The Sensational Guitar Sound Of Marco Di Maggio - Vol.1

Di Maggio è senza dubbio tra i migliori chitarristi rockabilly in giro. Non ha la fama che si merita, o almeno non tra il grande pubblico, ma chi ama il Rock’n’Roll delle origini non può non apprezzarlo. Dita velocissime e ritmo che ti impedisce di stare fermo: basterebbe questo per farti subito amare un genere sempre sottovalutato. Ma va bene così, è anche bello sapere che la musica buona ogni tanto bisogna faticare per trovarla.

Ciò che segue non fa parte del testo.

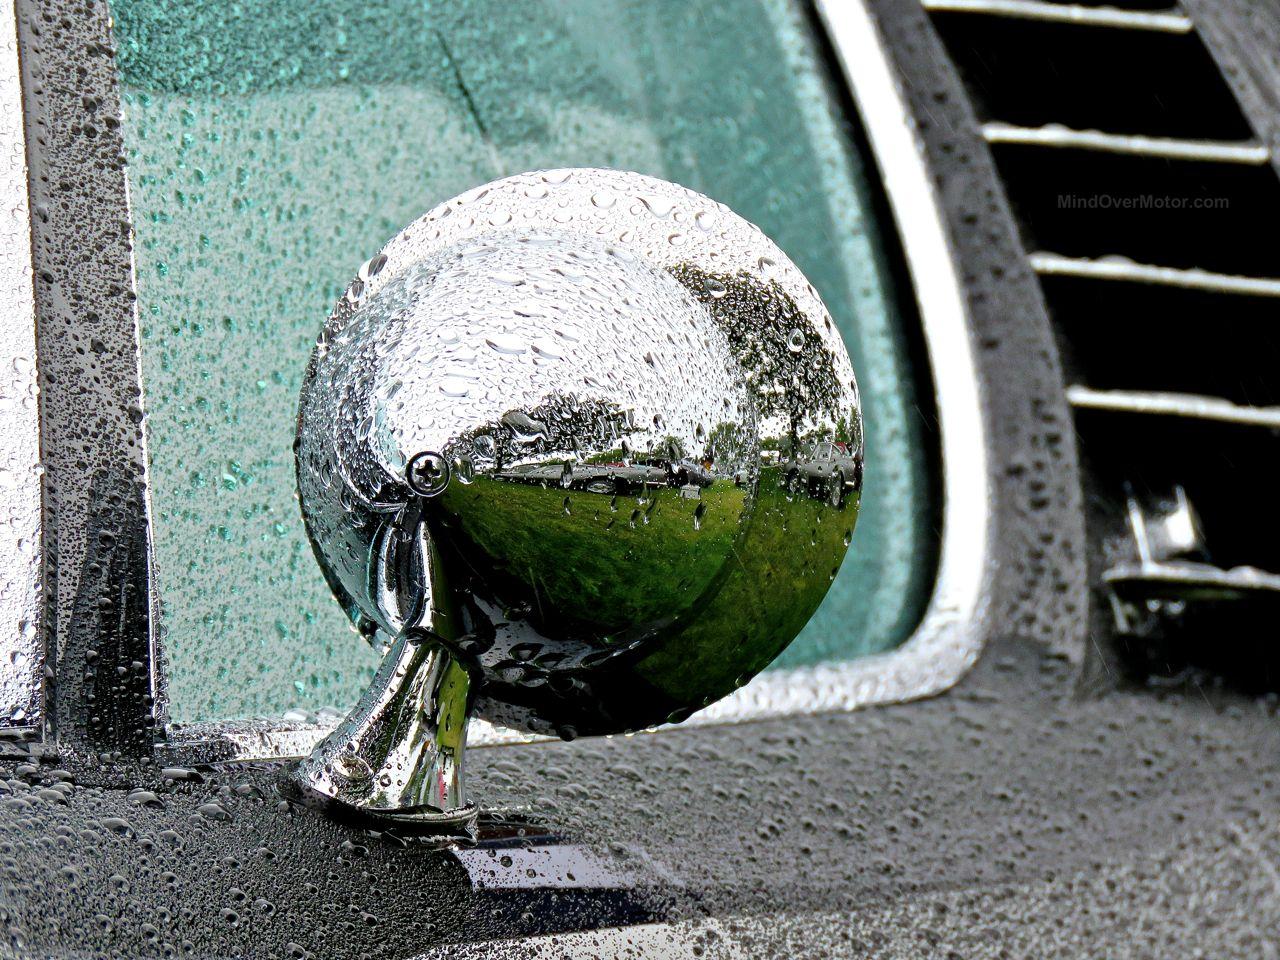 Wet Lamborghini Miura Greenwich 2

Dicevo, ho ascoltato 3 pezzi dell’ultimo album di Marco Di Maggio: San Antonio Rose, Egno e Tiger Rag. Un disco doppio, dove il 75% dei pezzi sono solo strumentali. Non sono un grande esperto di rockabilly, sia chiaro, ascoltarlo mi piace, mi diverte, ma preferisco i progetti di gruppo di Di Maggio, Di Maggio Connection über alles, ma anche i Di Maggio Bros. non sono affatto male. Ho avuto modo di sentirlo un paio di volte con la Di Maggio Connection, la prima quando li abbiamo chiamati a suonare ad un festival musicale (miseramente naufragato dopo una sola edizione, sigh) del mio paese, la seconda al Vinile di Bassano (qui il racconto di quella serata).
Me ne rendo conto, ho scritto “Di Maggio” troppe volte nelle ultime frasi, ma provateci voi a scrivere un post su uno che si chiama così e che come se non bastasse chiama tutti i suoi gruppi con ‘sto nome! Fatica eh!

Marco Di Maggio

Va beh, The Sensational Guitar Sound of Marco Di Maggio – Vol.sembra abbia dentro un po’ di tutto: rockabilly, fingerpicking, blues, country, surf etc etc..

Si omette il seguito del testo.